Ci avete inviato tantissime risposte. Alcune si possono leggere ogni domenica su «La Stampa», altre le troverete su quotidiani e riviste online, molte saranno infine visibili alle OGR dal 9 al 20 maggio 2018 per la mostra “Un giorno, tutto questo. Cinque domande sul futuro che ci aspetta”; ma tutte – e solo ora sono già più di mille – saranno raccolte qui, nella forma di testi, immagini, video e anche podcast realizzati grazie alla collaborazione con Audible, che ha affidato alla voce dei suoi narratori professionisti la lettura di alcune risposte.

Risposte diversissime tra di loro, come sono gli autori che hanno preso parte a questo grande progetto: scrittori, scienziati, saggisti, artisti, disegnatori, musicisti, registi, lettori e amici del Saloon riuniti tutti insieme in vero concerto di voci, una sciarada, una costellazione osservando la quale si può riuscire a capire qualcosa in più sul mondo, così mobile e complesso, nel quale ci troviamo a vivere.

Cliccando su 5 RISPOSTE potete leggere le risposte che sono arrivate per ciascuna domanda e confrontarle tra loro, oppure cliccate su AUTORI per approfondire le risposte di un autore, lettore o amico del Saloon.
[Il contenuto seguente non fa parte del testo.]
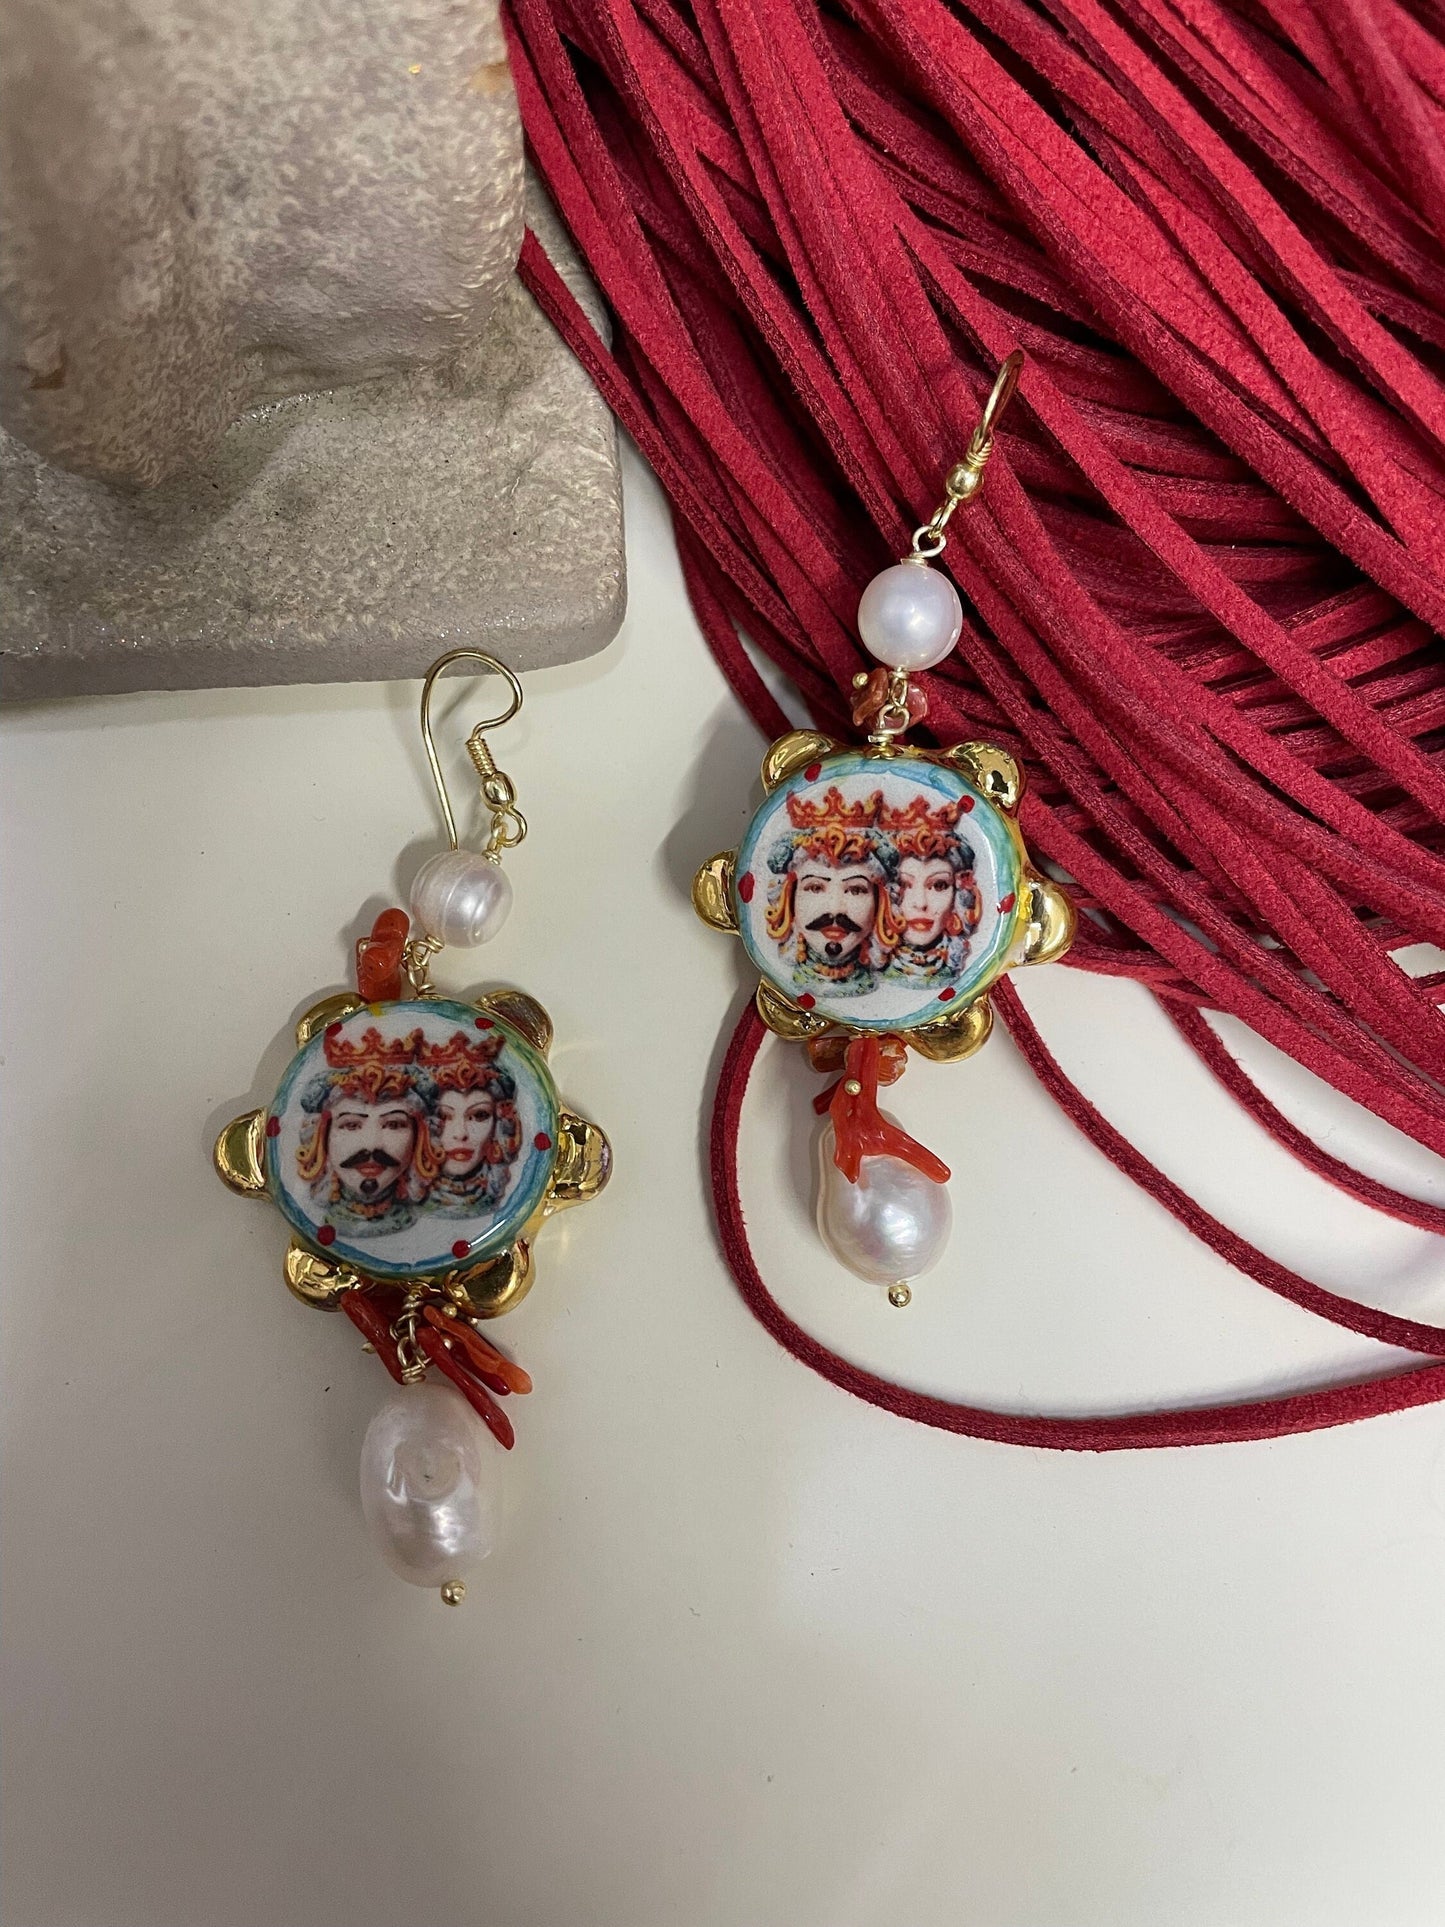 Orecchini siciliani con tamburelli in ceramica di Caltagirone dipinta a mano, perle barocche e chips di coralli regalo per lei.§
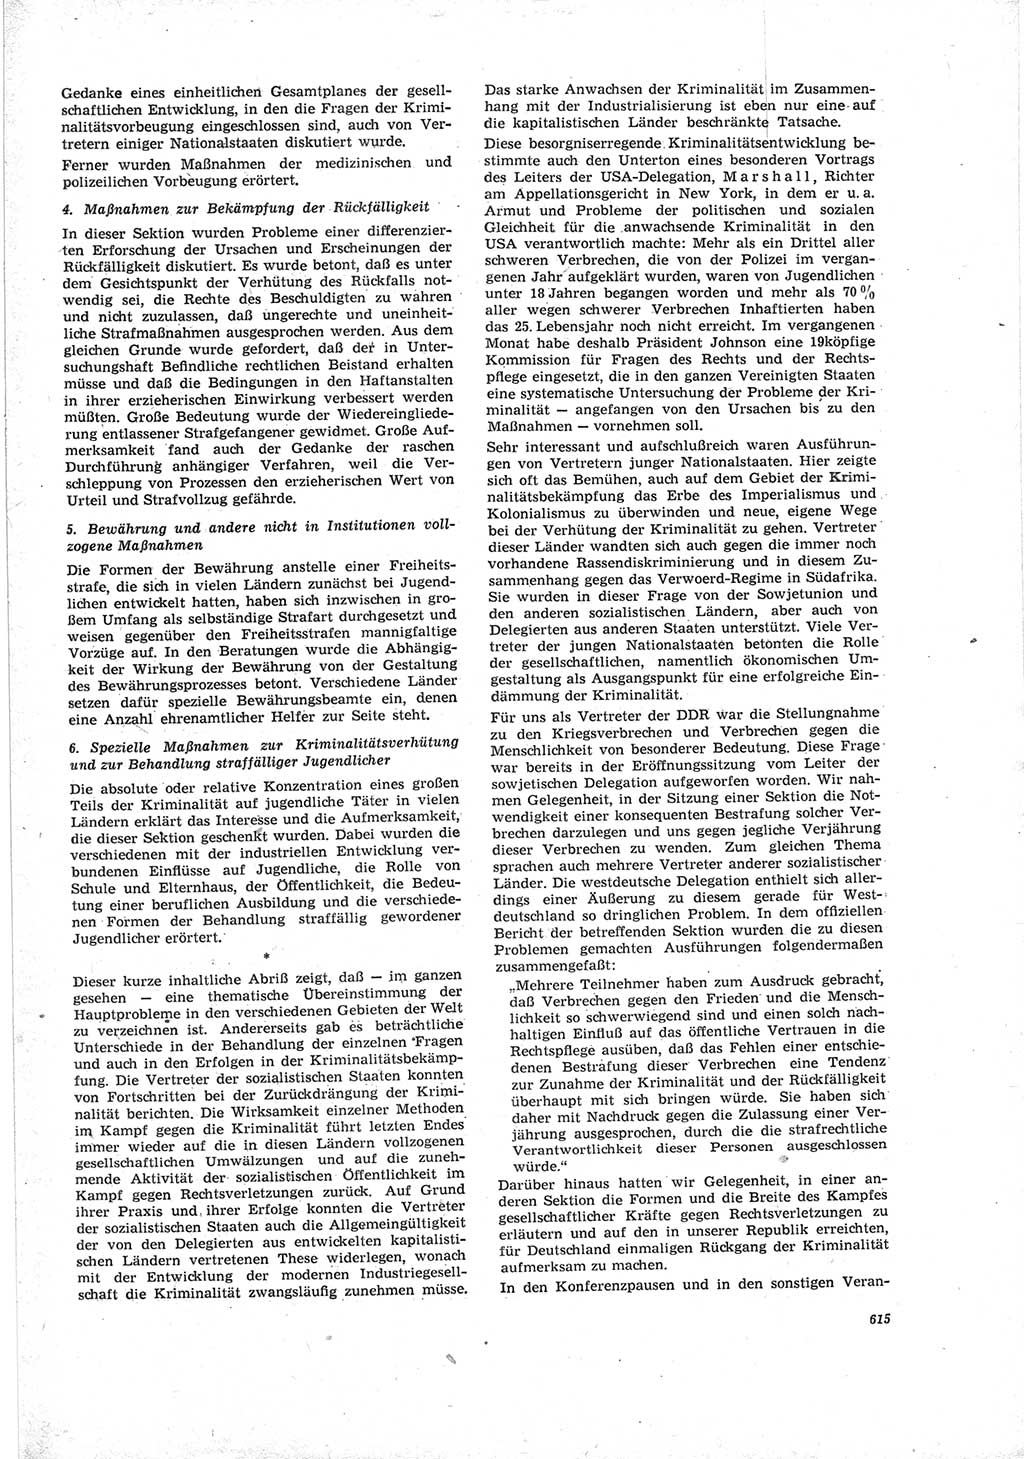 Neue Justiz (NJ), Zeitschrift für Recht und Rechtswissenschaft [Deutsche Demokratische Republik (DDR)], 19. Jahrgang 1965, Seite 615 (NJ DDR 1965, S. 615)

Se invece volete rispondere, vi basta dare un’occhiata più giù!


Il progetto editoriale #5domande è stato ideato da:
Nicola Lagioia, Paola Caridi, Ilide Carmignani, Mattia Carratello, Giuseppe Culicchia, Fabio Geda, Alessandro Grazioli, Giorgio Gianotto, Loredana Lipperini, Giordano Meacci, Eros Miari, Francesco Pacifico, Valeria Parrella, Christian Raimo, Lucia Sorbera, Rebecca Servadio, Annamaria Testa.
Idealmente con loro, Alessandro Leogrande.

Le risposte degli autori sono state raccolte da Paola Galletto.

I testi sono stati editati da dieci04, che ha realizzato questo sito con la collaborazione di Dude.

La mostra alle OGR è coordinata da Valentina Lacinio.
Display: Parasite 2.0
Studio grafico: CCN Studio

Grazie agli editori, agli autori che hanno partecipato e a tutti i lettori del Saloon che hanno risposto.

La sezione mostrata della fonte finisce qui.